Managing Risk with System Dynamics: Using SysQ to Make Decisions Under Uncertainty

Decision-Making Under Uncertainty

How System Dynamics Helped Add Millions to a Company’s Bottom Line

The bottom line of a multinational medical supplies and services organization was suffering from the exorbitant costs associated with high priced warranty contracts. The OEMs for their digital imaging systems – one of their more expensive products – were marking up the sales price by up to 400% of cost and then charging excessive annual warranty fees. Leadership at the multinational supplier wanted to know the answer to the following question:

Could they assume the risk for the imaging systems, charge less to their customers, and simultaneously generate more profitability for the organization? 

The multinational’s analytic team believed that a system dynamics-based analysis was the most effective methodology to explore this strategic question. They hired a consultant from Pontifex Consulting who had the required system dynamics expertise.

The consultant began the initiative by training a small analytics team to build simulation models using the STELLA software. This capacity building was essential, because once the initial model-building was complete, it would need continual maintenance and improvements based on changes to the risk pool.

The team applied a Weibull distribution to calculate the risk (probability) of failure because that distribution provided the most accuracy relative to the risk pool. The team categorized each type of imager by cost, age, replacement costs, and failure rate and loaded it into an input Excel spreadsheet. The spreadsheet data was then imported into a STELLA model that ran 1,000 Monte Carlo simulations. The simulations generated a range of failure scenarios for imagers based on varying the parameters of the Weibull distribution. These Monte Carlo results were then analyzed to determine the likelihood of current and replacement imagers surviving beyond the warranty periods. This allowed them to estimate the associated costs for failures, projected revenue, and warranty savings – the financial risks. The team determined they could realize tremendous savings by  charging their medical clients less warranty coverage fees than previously – and instead putting what they did charge into a risk pool to replace failed imagers. Using charts generated from STELLA and Excel, the analytic team made this case to senior leadership. Leadership was persuaded, and they stopped paying the exorbitant warranty fees they were sending to the OEMs.

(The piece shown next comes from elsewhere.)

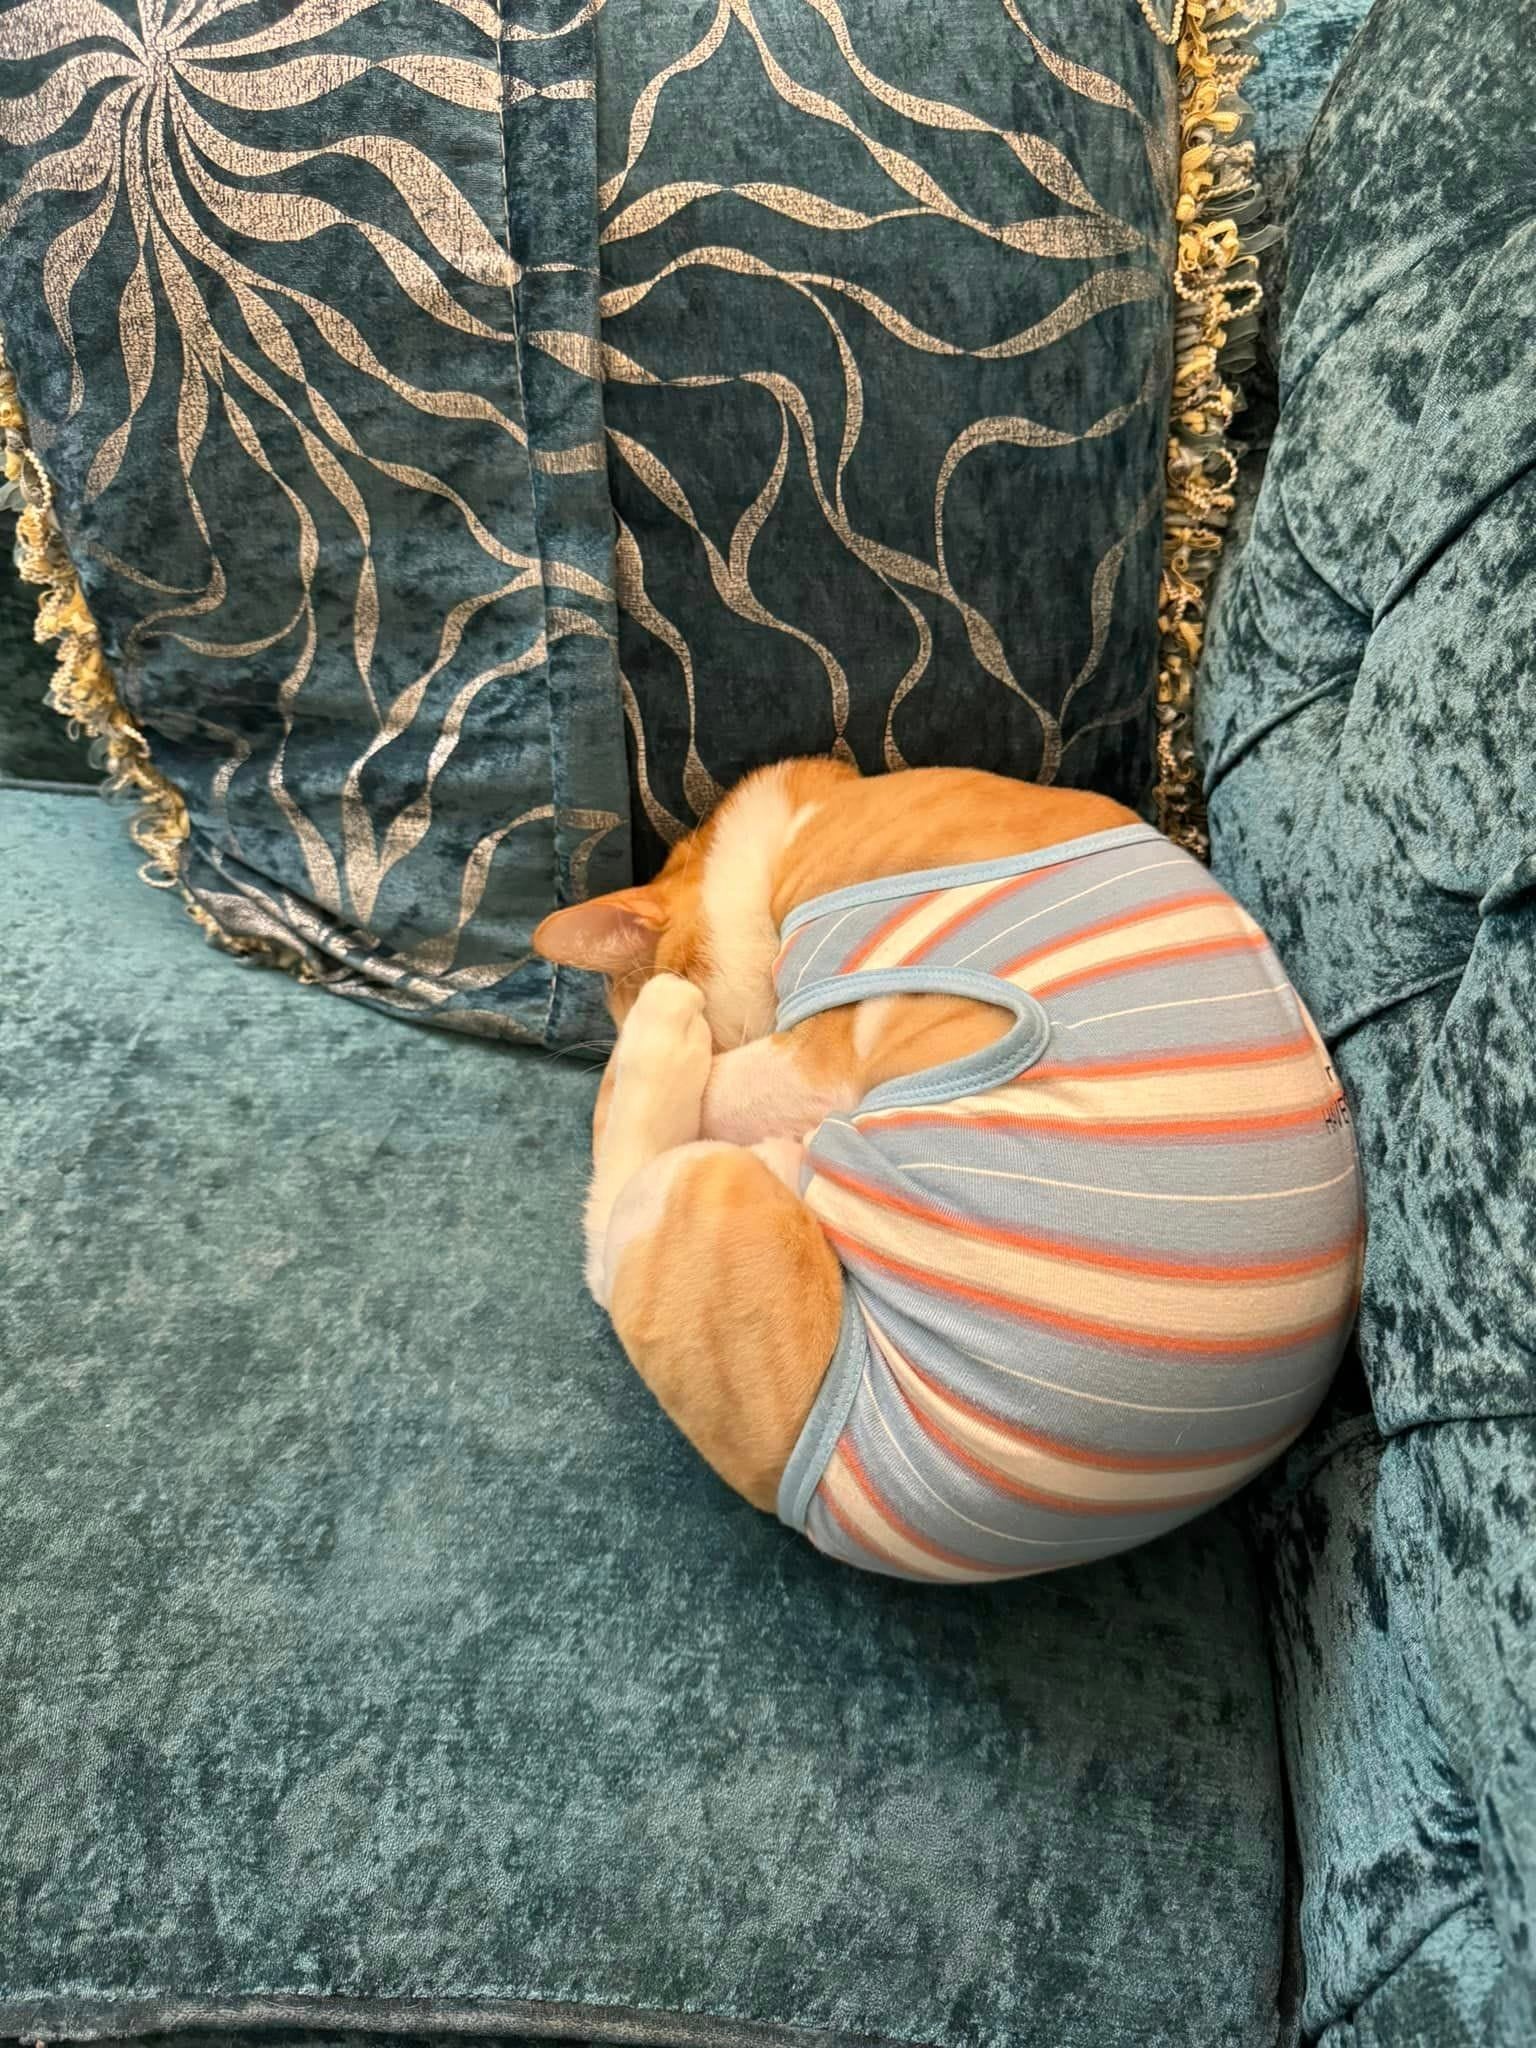 แมวส้มแปลงร่างเป็นหอย

The initiative immediately looked misguided: in the first month, two expensive imagers failed and needed replacing. The analysts were unconcerned, and stood by their recommendations because they were confident with the rigor of analysis they had made. They assured leadership this was an anomaly – because they had used system dynamics and deeply understood the mathematical logic behind the analysis. The coming year proved their confidence well-founded. The company ended the year saving over a million dollars. This annual savings continued during future years as the analysis proved correct – and the team continued to refine the model based on the most recent data they could generate.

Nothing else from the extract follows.